Task instructions: Look for the line with "9 Dinner plates" in the data below, then reproduce word for word that line and every line after it. Leave out all pictures and add nothing.

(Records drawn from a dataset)

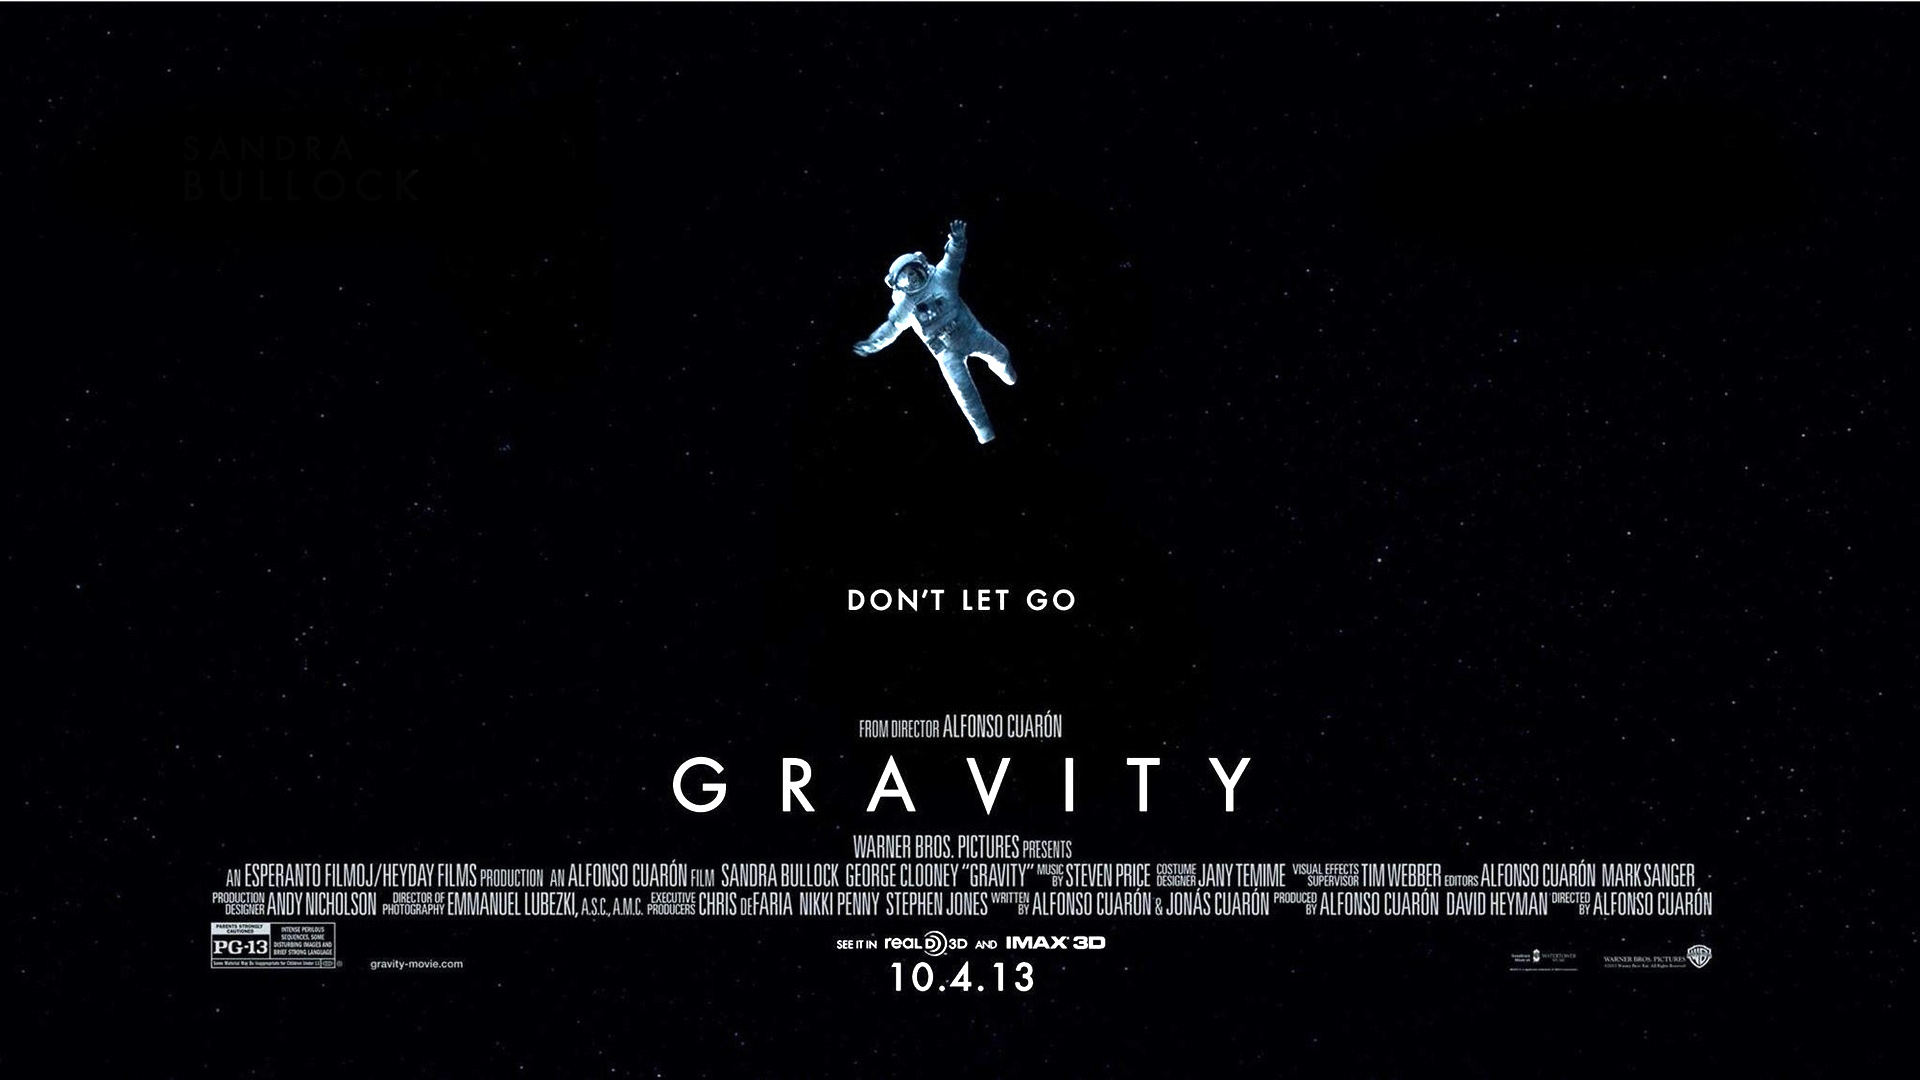 Gravity Movie | Gravity Movie Wallpapers | Gravity Movie images | Wallpaper 4of 4
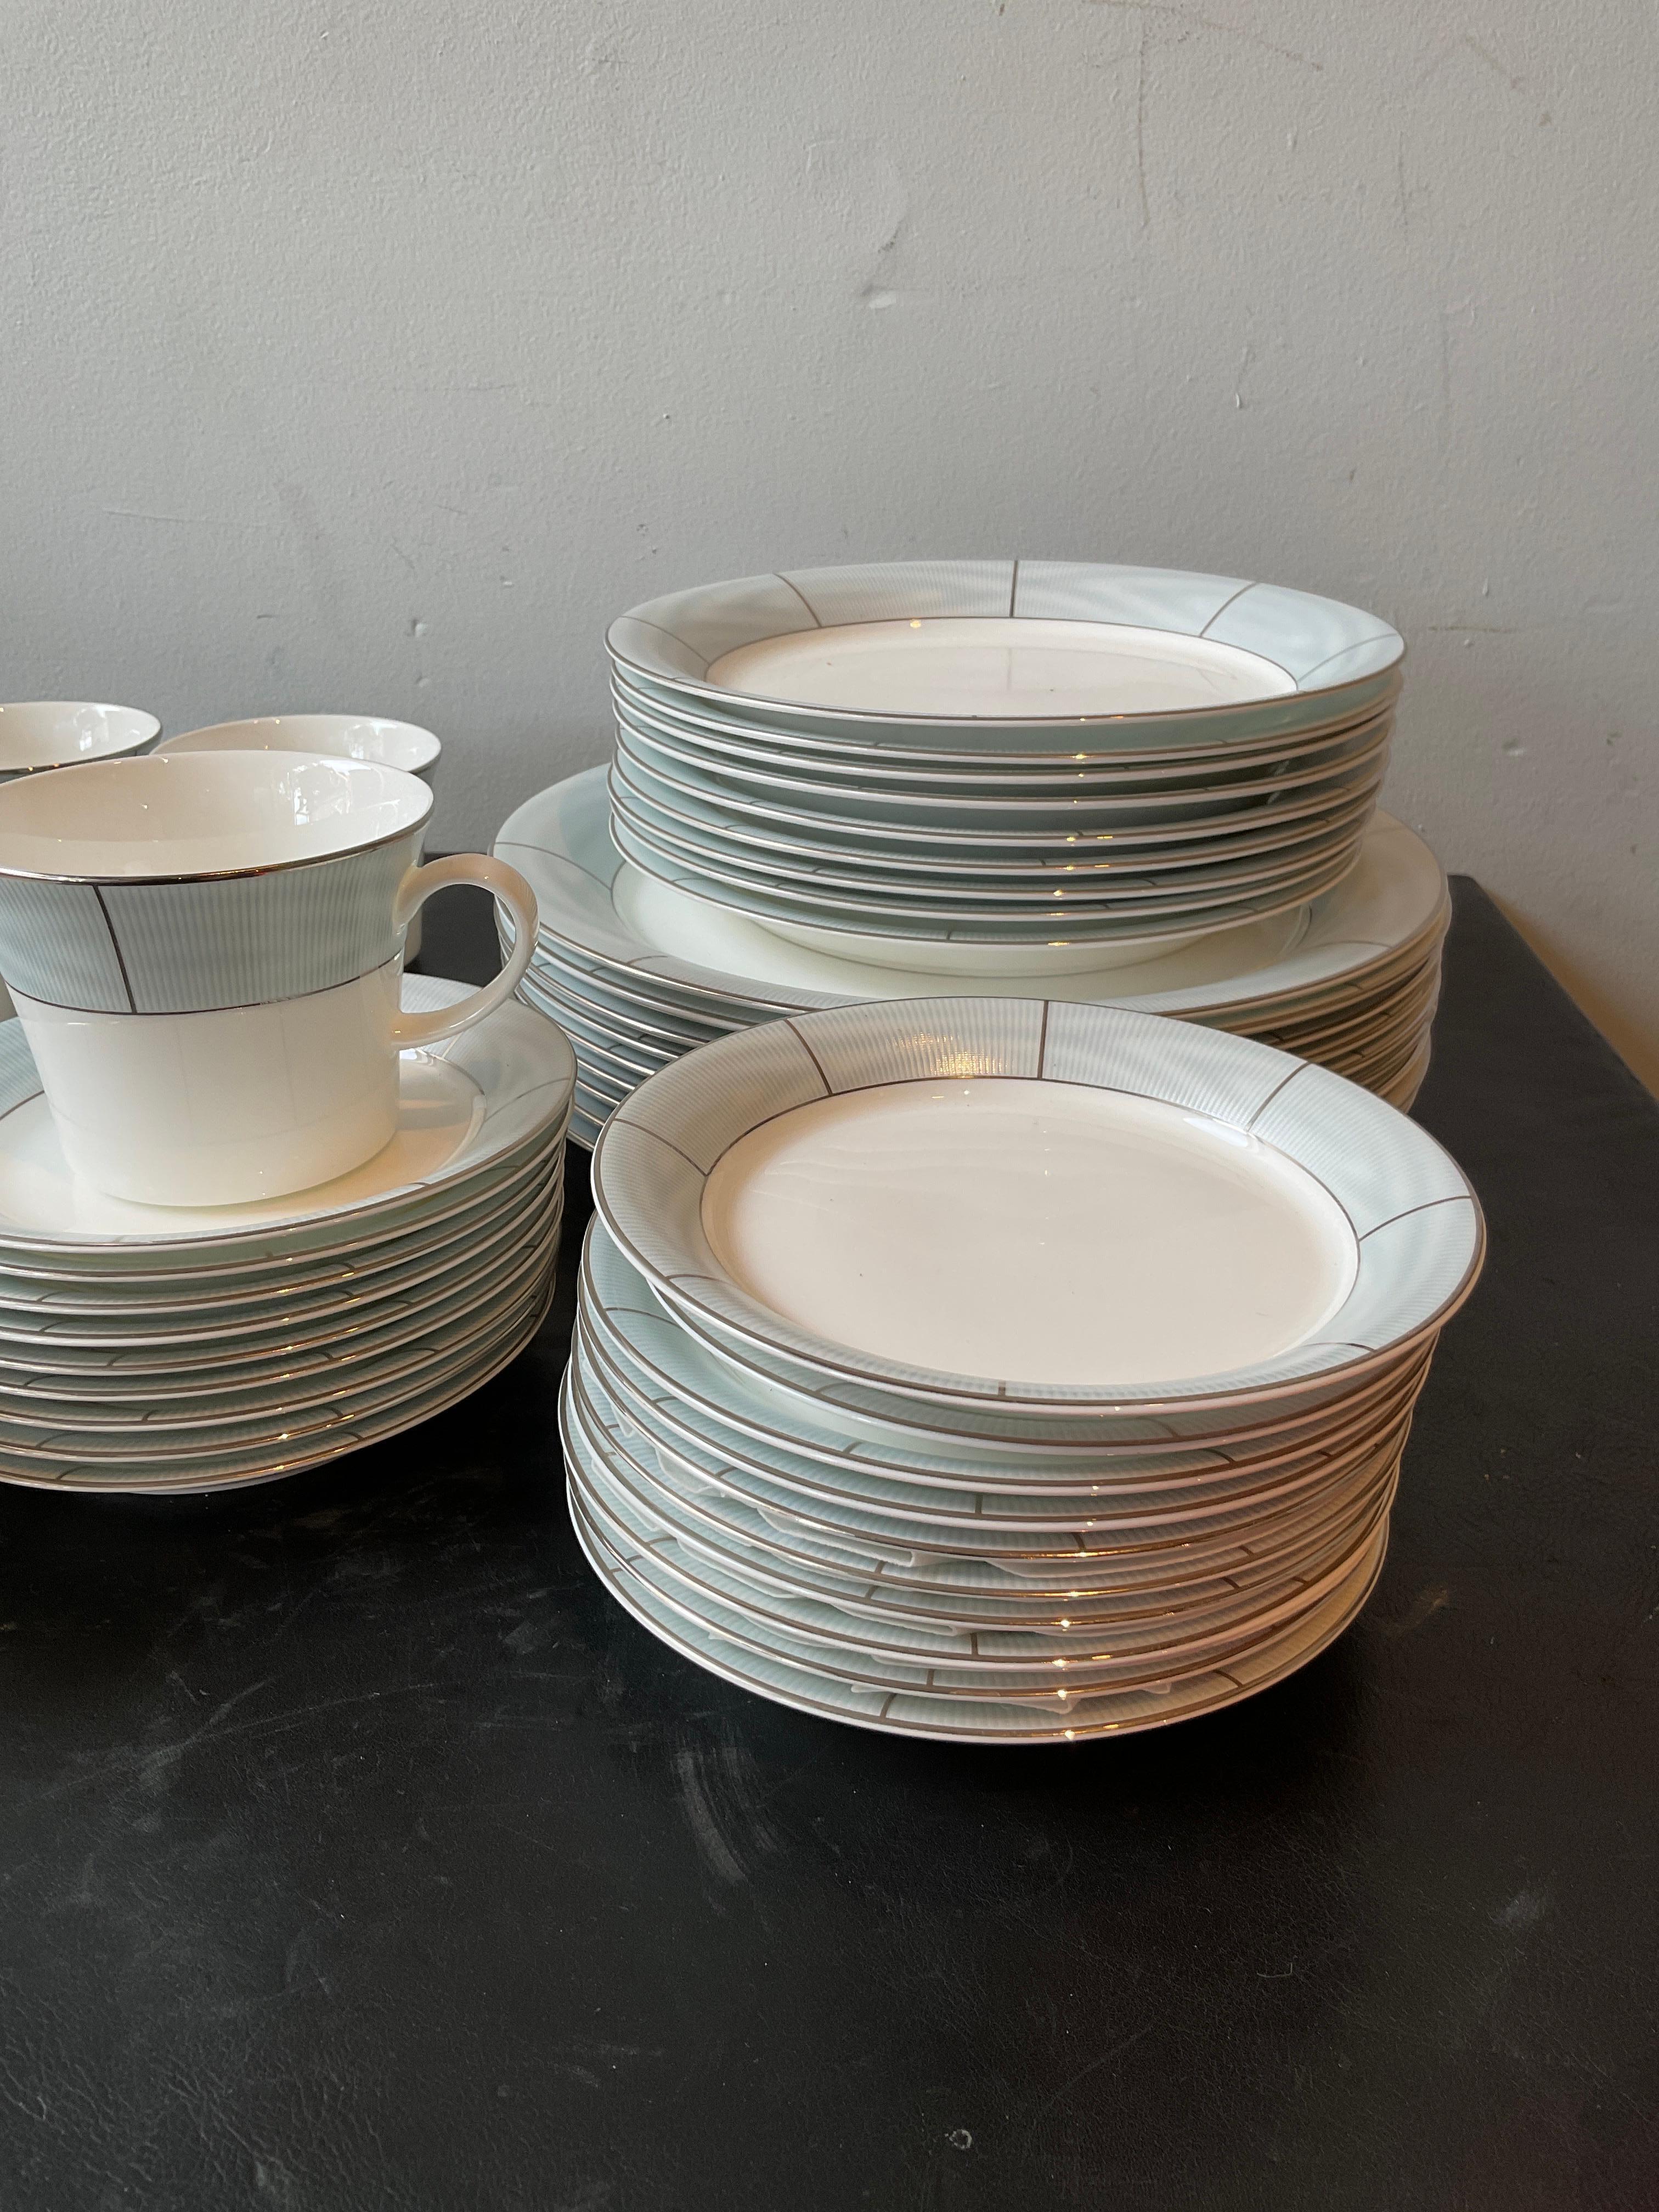 9 Dinner plates
9 Salad plates
9 Bread and butter plates
10 Saucers
7 Cups
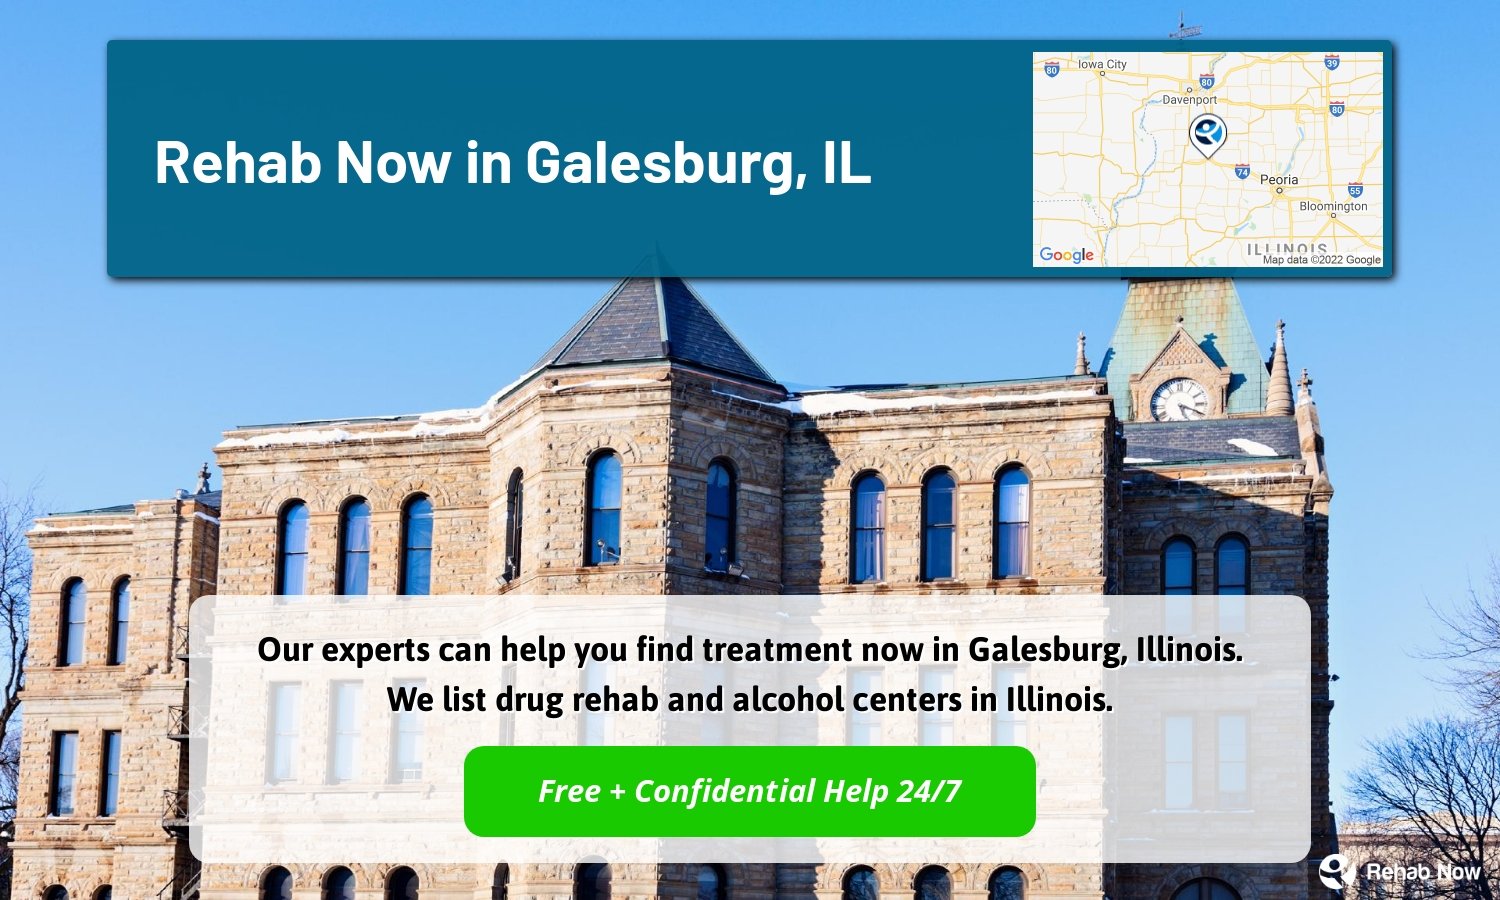 Our experts can help you find treatment now in Galesburg, Illinois. We list drug rehab and alcohol centers in Illinois.

Answer space:
 9 Dinner plates
9 Salad plates
9 Bread and butter plates
10 Saucers
7 Cups
 Our experts can help you find treatment now in Galesburg, Illinois. We list drug rehab and alcohol centers in Illinois.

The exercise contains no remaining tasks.